Tel Aviv - The Israeli army has recovered the bodies of three settlers who went missing in the occupied West Bank earlier this month, triggering fears of a broader military crackdown.
The bodies were found in a field near the village of Halhoul on Monday, not far from where Israeli troops first started searching after they vanished on June 12.
"Hamas is responsible, and Hamas will pay," said Israel's prime minister, Benjamin Netanyahu, in a statement.
The Israeli army launched at least two dozen air strikes in the Gaza Strip in the early hours of Tuesday following the discovery of the bodies. The army said the attacks were in response to from Palestinian rocket fire.
The young settlers were hitchhiking home from a religious school in Kfar Etzion, an illegal settlement between Bethlehem and Hebron, and were last heard in a brief emergency call to police.
Their disappearance set off the largest military operation in the West Bank since the end of the second Intifada: More than 400 Palestinians were detained in the 18-day search, thousands of homes raided, and five people killed by Israeli gunfire.

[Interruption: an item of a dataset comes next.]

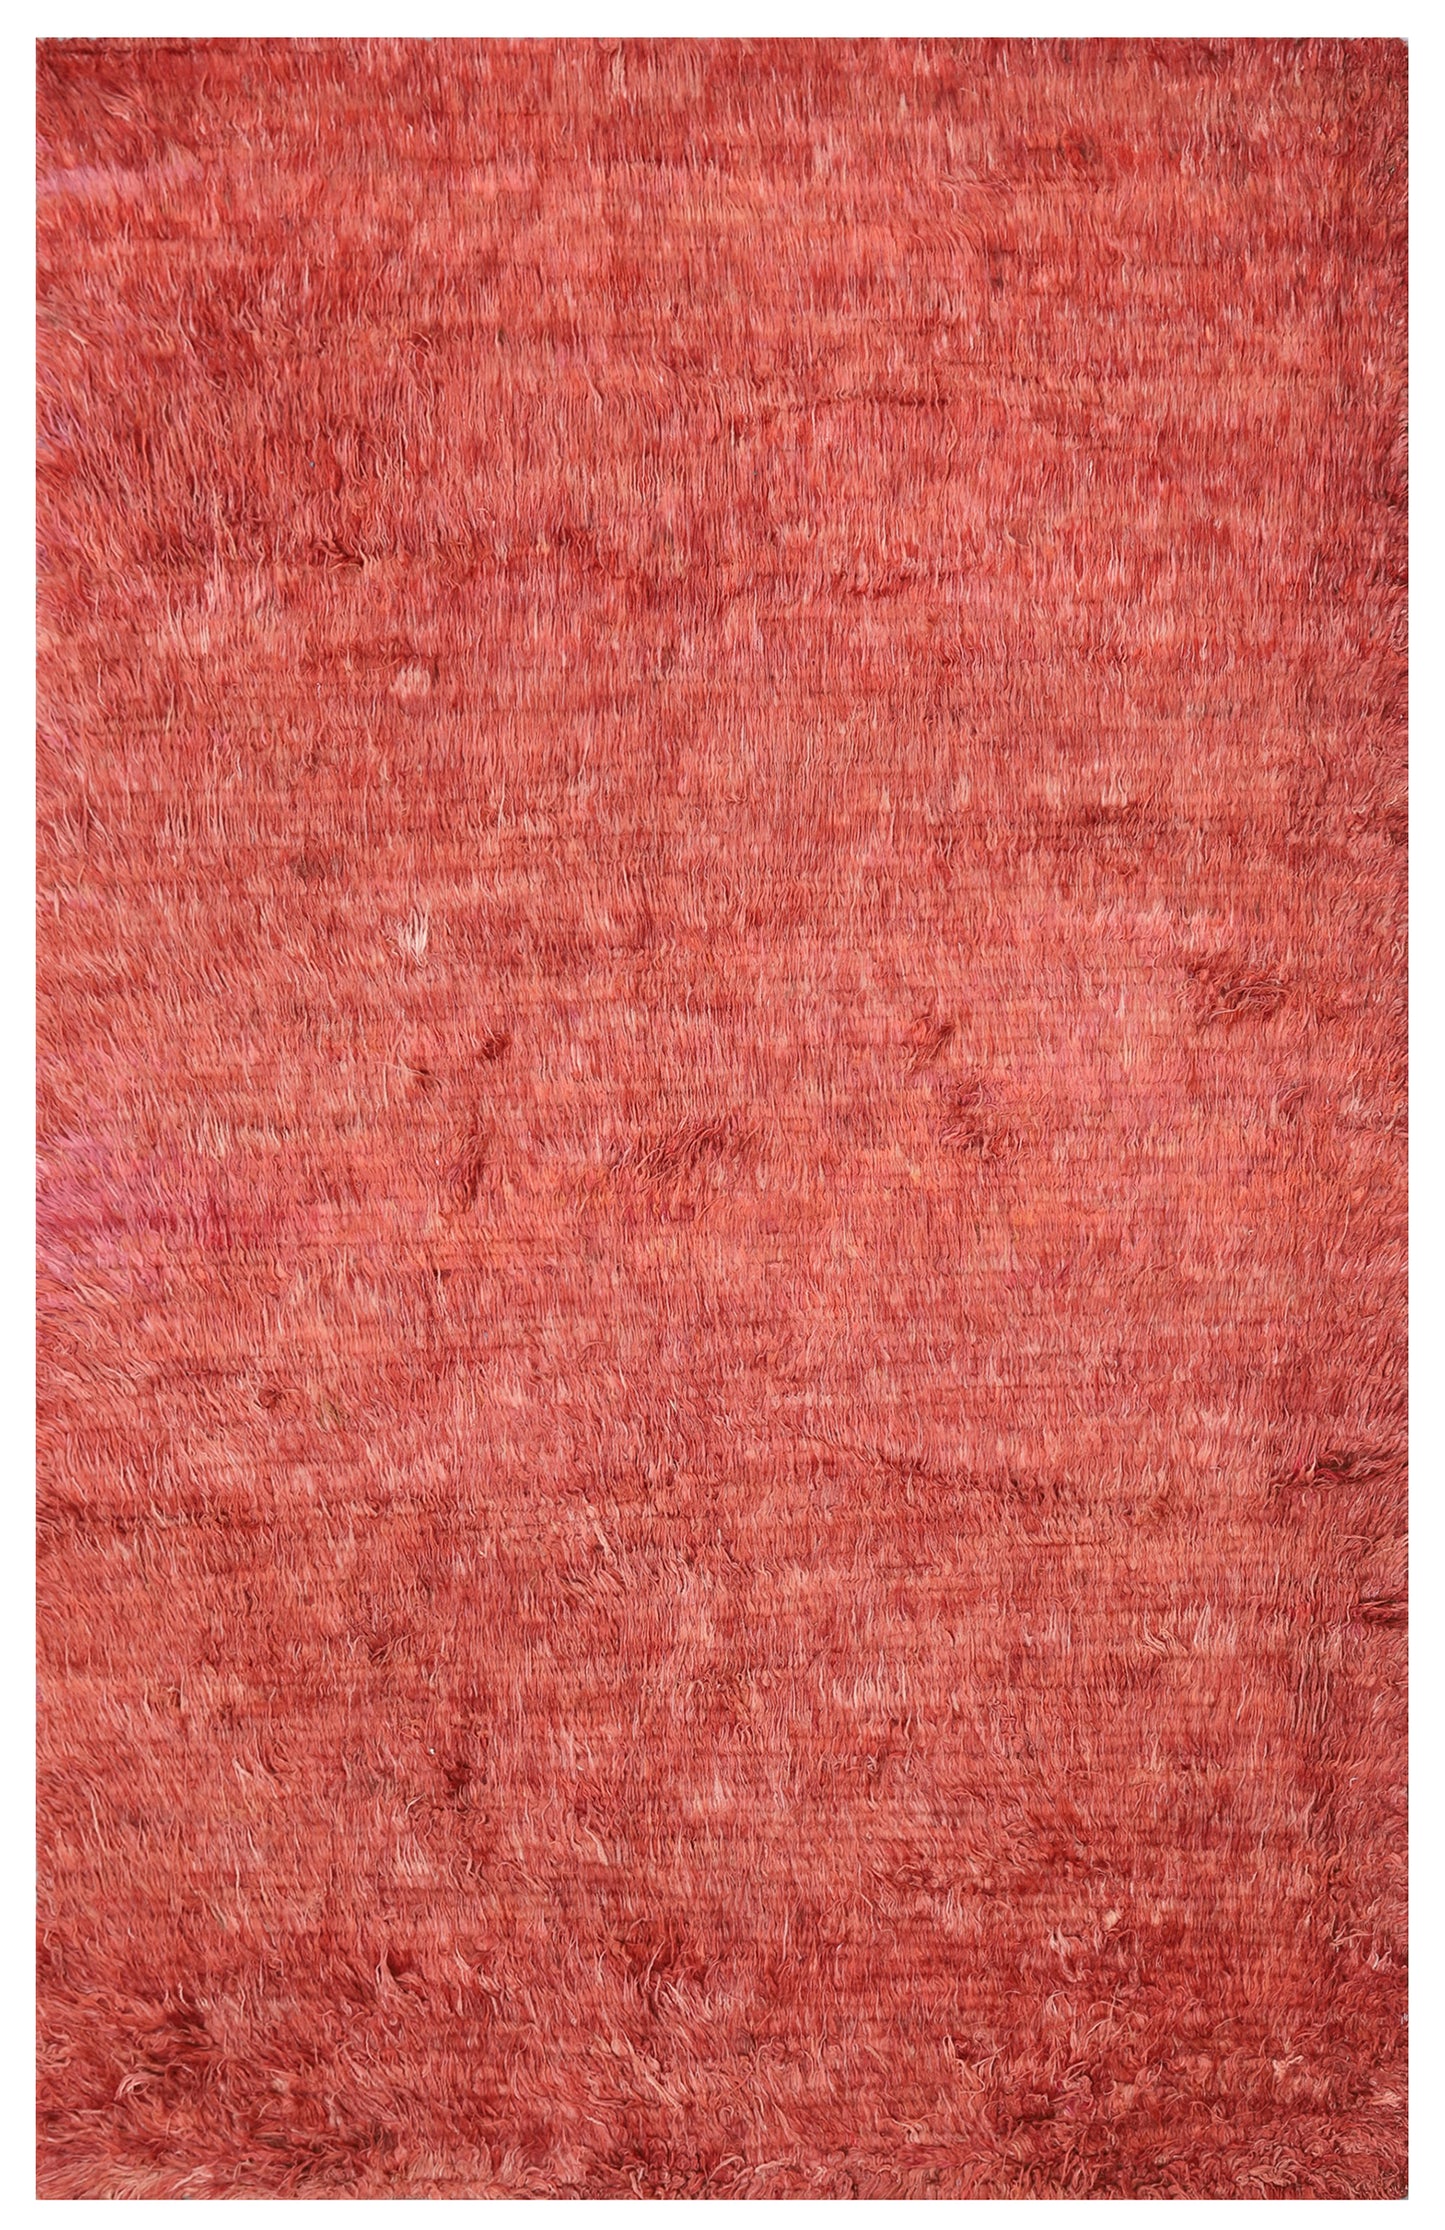 6'x9' Red Solid Plain Ariana Moroccan Style Shaggy Barchi Rug

Israel has blamed Hamas for the murders, though it has offered no evidence to support that claim.
On Monday night it demolished the homes of Marwan Qawasmeh and Amer Abu Aisha, two Hebron-area residents who the Israeli government has named as suspects.
The use of punitive demolitions revived a practice that was almost entirely discontinued in 2005.
The Israeli security cabinet also held an emergency meeting on Monday night, which ended with no major decisions on further actions, according to a government source. The cabinet will reconvene on Tuesday.
Some politicians have called for harsher steps against Hamas, including targeted assassinations. "I don’t know how many leaders of Hamas will remain alive after tonight," said Tzachi Hanegbi, the deputy foreign minister.
The group dismissed the accusations in a statement, calling them propaganda. "We warn Israel against any stupid action. If Israel wants a war, the price they will pay will be greater than in previous wars," it said.
The settlers' bodies were found at a time of heightened tensions in the south, with daily air strikes and rocket launches, and Israeli troops preparing for a possible military offensive.
In conversations over the past two weeks, security officials have hinted at "retaliating" against Gaza if the settlers were found dead.
The PLO's Hanan Ashrawi told Al Jazeera that the "Israeli escalation already took place, and now they have an excuse of further escalation."
Hundreds of people gathered in Tel Aviv’s Rabin Square on Monday night to hold a vigil for the trio. The mood was far more angry in the West Bank, and there were reports of Israeli settlers attacking Palestinians in several villages.